Самолет словно завис в знойном воздухе, безуспешно пытаясь дотянуть до посадочной полосы. Он весь сверкал, будто расплавился и вот-вот прольется, стечет на полосу жидким ослепительным белым металлом. И сама посадочная полоса, казалось, испарялась на глазах, будто неведомо как оказавшаяся здесь полоска льда: густое марево курилось живым паром.
Валеев беспокойно оглядывался на складские строения, вытянувшиеся цепочкой метрах в двухстах отсюда: он пытался определить, подъехала ли санитарная машина. Дежурный, которого Валеев остановил взглядом, когда тот вновь заикнулся было о самочувствии Сергеева, в сдержанной готовности застыл рядом с Валеевым, тоже раз-другой оглянулся, стараясь понять беспокойство генерала. Наконец, чуть наклонясь к Валееву, спросил тихо:
— Вы машину, товарищ генерал? Просили доложить — прибыли на случай… За складом горючего встали.
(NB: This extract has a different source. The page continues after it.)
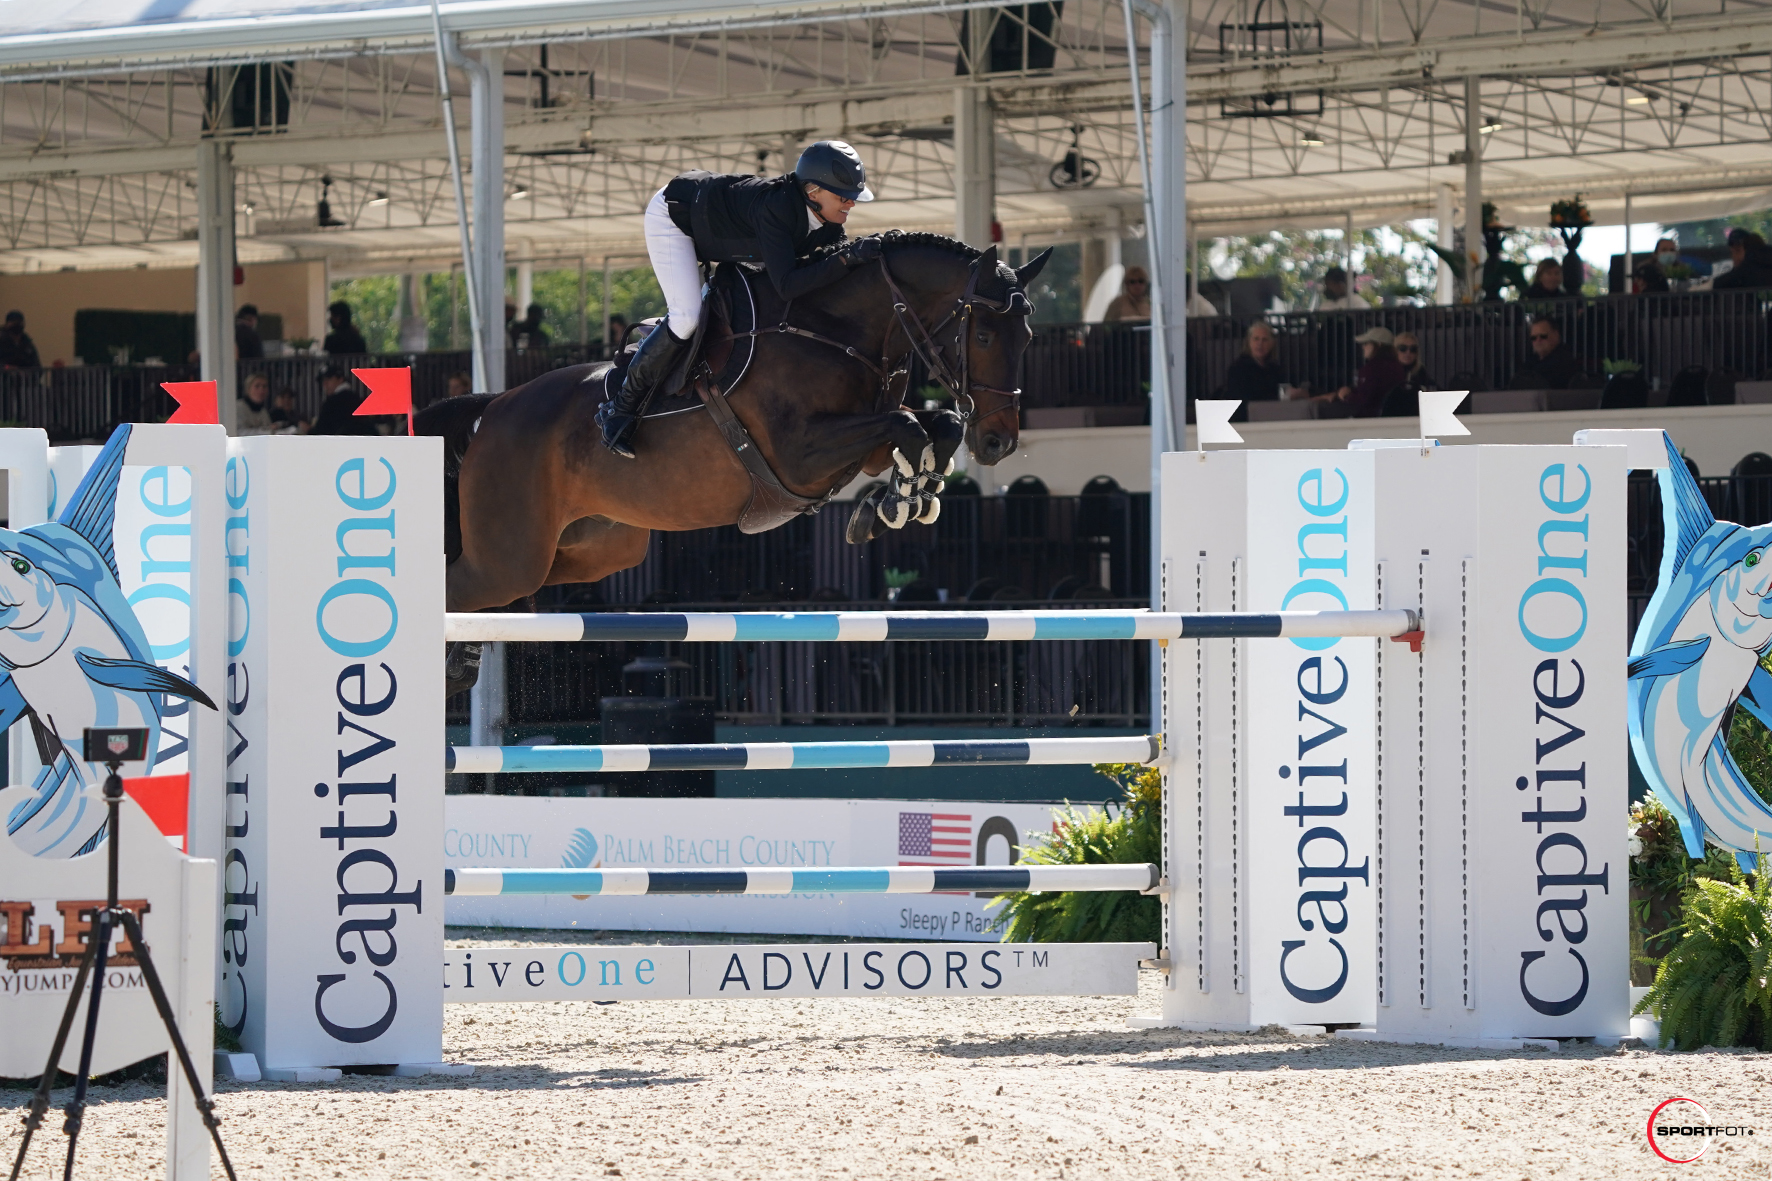 Erynn Ballard Scores Again in $25,000 CaptiveOne Advisors Classic

Валеев кивнул, отворачиваясь и успокаиваясь. Наблюдал, как подруливал самолет, подтягиваясь ближе к стартовому пункту, как потом, чихая, глохли один за другим двигатели. Солдаты в комбинезонах подкатили легкий железный трап. Все, кто, спасаясь от зноя, толпились в ожидании под тентом, знакомые и не знакомые Лидии Ксаверьевне, военные и гражданские, мужчины и женщины, кучно, будто спаянные жарой и единой целью, пошли к самолету. Максим вырвался вперед — хрупкая, в цветной безрукавке фигура его была уже возле трапа. Лидия Ксаверьевна видела, как из овального проема на трап первой ступила женщина с двумя детьми — она держала их за руки. К трапу шагнул какой-то офицер, сграбастал радостно в охапку детей. Сгибаясь в невысоком проеме, появился и Сергеев, и Лидия Ксаверьевна, как только он выпрямился на верхней ступеньке, увидела и бледность, и какую-то землистую нездоровость на его лице, заторопилась в охватившем ее волнении. У трапа рядом с Максимом раньше ее оказался адъютант Любочкин, только что подъехавший на машине.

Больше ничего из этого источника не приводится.